Nir's blog Fit for computer consumption

Unforgettable Factory Registration

Using a factory is a common pattern when we are working with polymorphic objects. It exists to solve a very basic issue in C++: in order to construct something you must name its type. But the entire point of runtime polymorphism is often that we cannot name the type, because we won’t know it until runtime.

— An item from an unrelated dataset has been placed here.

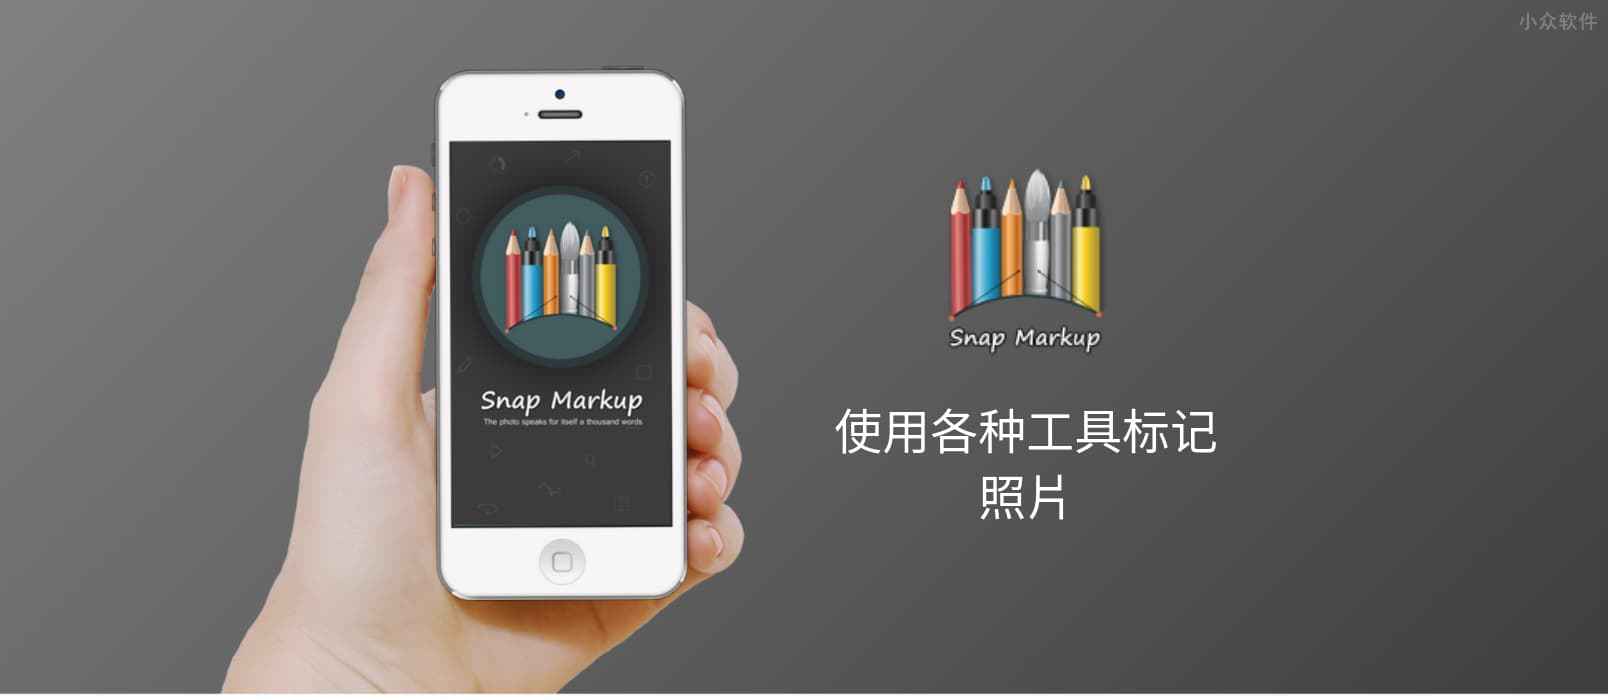 Snap Markup – 简单的图片标记应用[iOS 限免]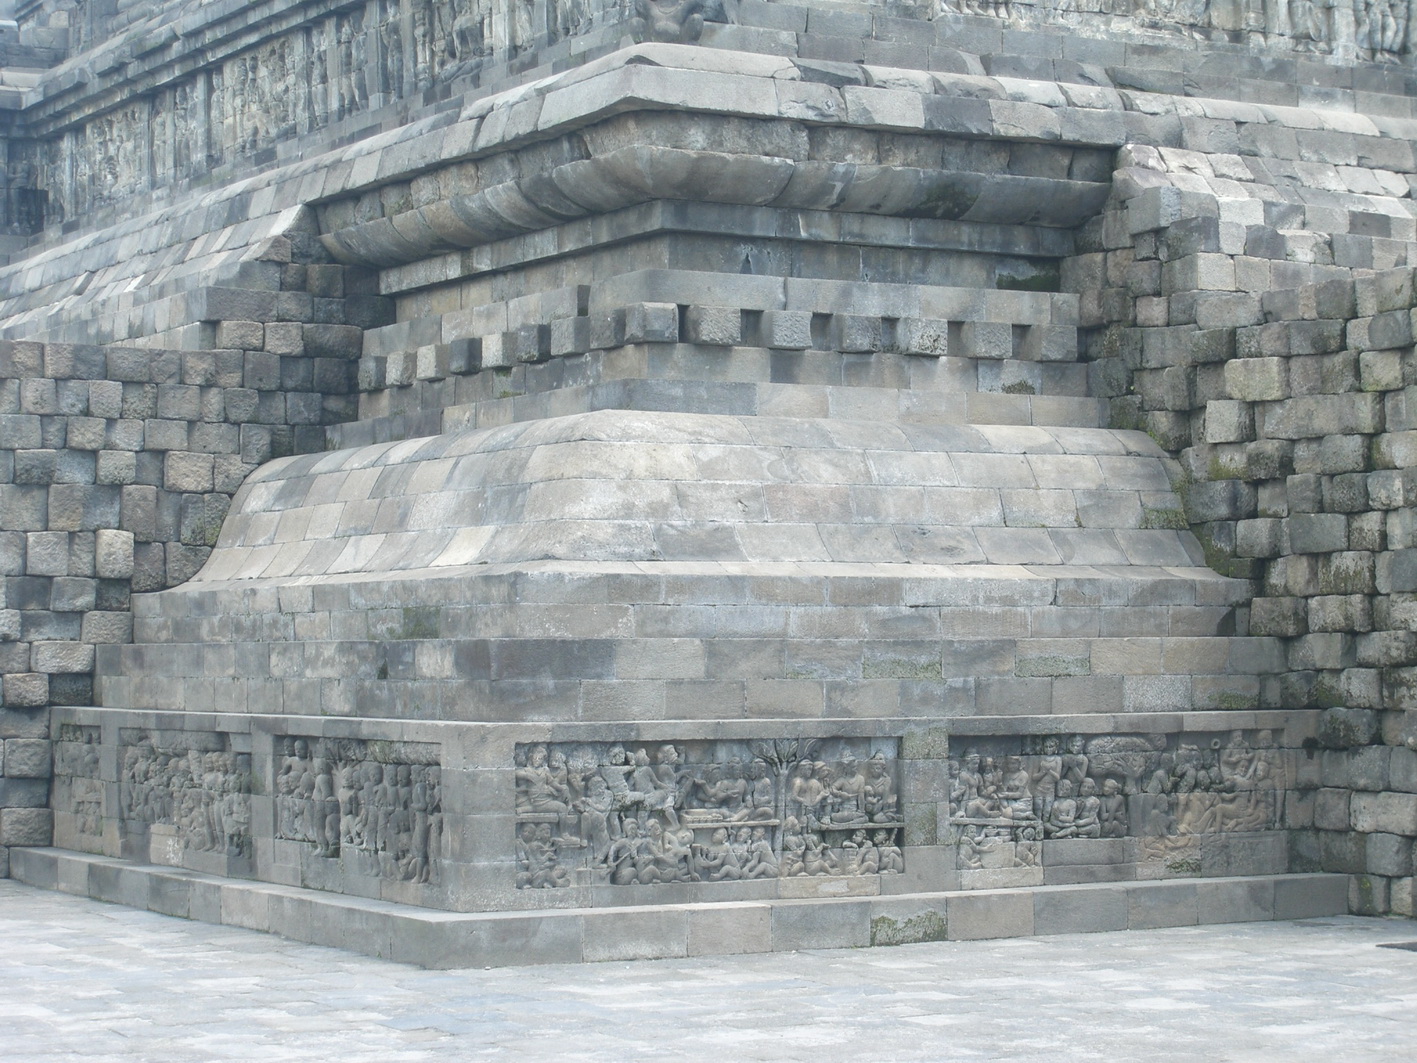 Adakah Rahasia yang Tersembunyi? Relief Candi yang Dibangun Samaratungga Raja Mataram Kuno Ini Ditutup?

The most basic factory would just consist of some if statements coupled together:

1
2
3
4
5
6
unique_ptr<Animal> makeAnimal(const string& type, int number)
{
  if (type == "Dog") return make_unique<Dog>(number);
  if (type == "Cat") return make_unique<Cat>(number);
  throw runtime_error("Invalid type!")
}

This often isn’t a great solution. In particular, we keep having to update this central piece of code every time a new derived class gets written. Under the best of circumstances, this is merely irritating and code smell. However, in some cases it can be much worse. It’s common for a library to provide an interface and a few concrete classes deriving from it. If the library uses a factory somewhere that’s written like this, it will be impossible for the user to inject their own classes into the library.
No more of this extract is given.